How would verifying the identity of social-media users be accomplished exactly? Kessler doesn’t really know. “Require a credit card, like Apple does to use its app store? Maybe,” he writes. “A driver’s license? Passport? A trip to the post office or DMV?” The idea that someone would have to upload their passport or driver’s license in order to tweet seems so absurd as to be laughable, but Kessler has some company in his dislike of anonymity on social networks: Citing the article in a tweet, Senator Ron Johnson from Wisconsin, chairman of the Senate’s Homeland Security committee, said he was “concerned that Congress’s involvement in Section 230 reform may lead to more harm than good,” and that one solution worth considering was “to end user anonymity on social media platforms. Social media companies need to know who their customers are so bad actors can be held accountable.”

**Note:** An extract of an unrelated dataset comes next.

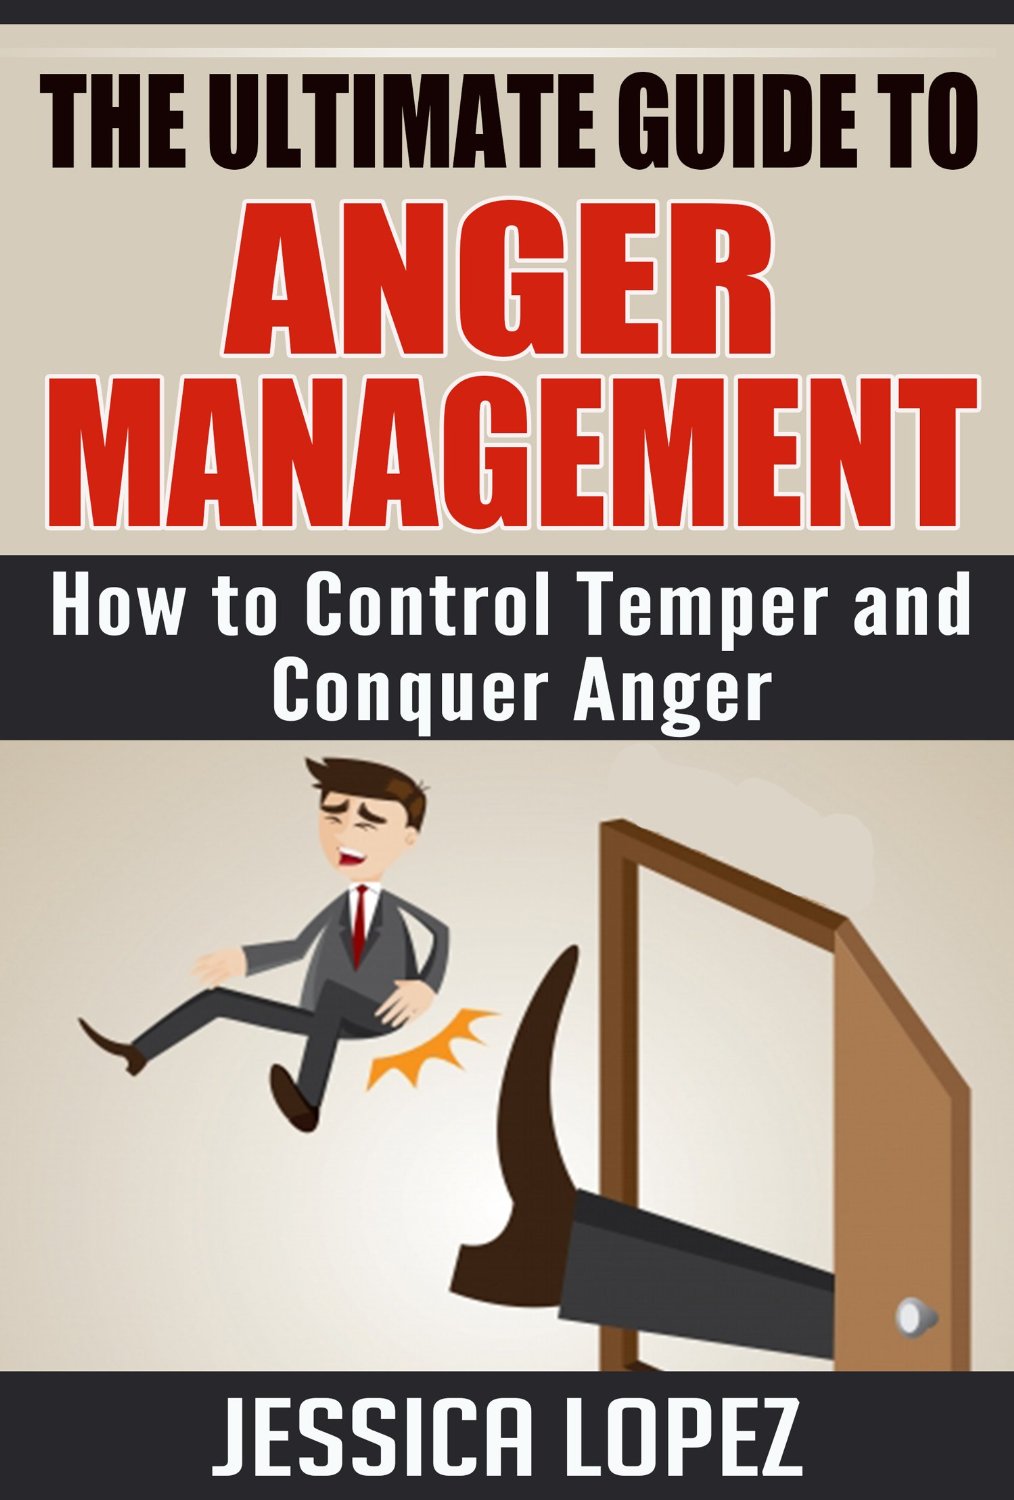 FREE: The Ultimate Guide to Anger Management by Jessica Lopez

Johnson was soon joined by Senator John Kennedy, who says he is working on legislation he plans to introduce that would require social-media users to verify their identities. Doing this would “cause a lot of people to think about their words” before posting, Kennedy said. According to one news report, the senator is “confident the proposal would be constitutional” and added that “many newspapers require users to identify themselves in comment sections.” Whether Kennedy or Johnson are successful remains to be seen, but there are a number of reasons to be skeptical about the idea that removing anonymity would even be possible, let alone a positive development for social media. For one thing, Jeff Kosseff, a law professor at the US Naval Academy, said the courts have repeatedly upheld a First Amendment right to anonymity, citing the anonymous authors of the Federalist Papers, among others, and this right has also been recognized for internet forums and other digital platforms.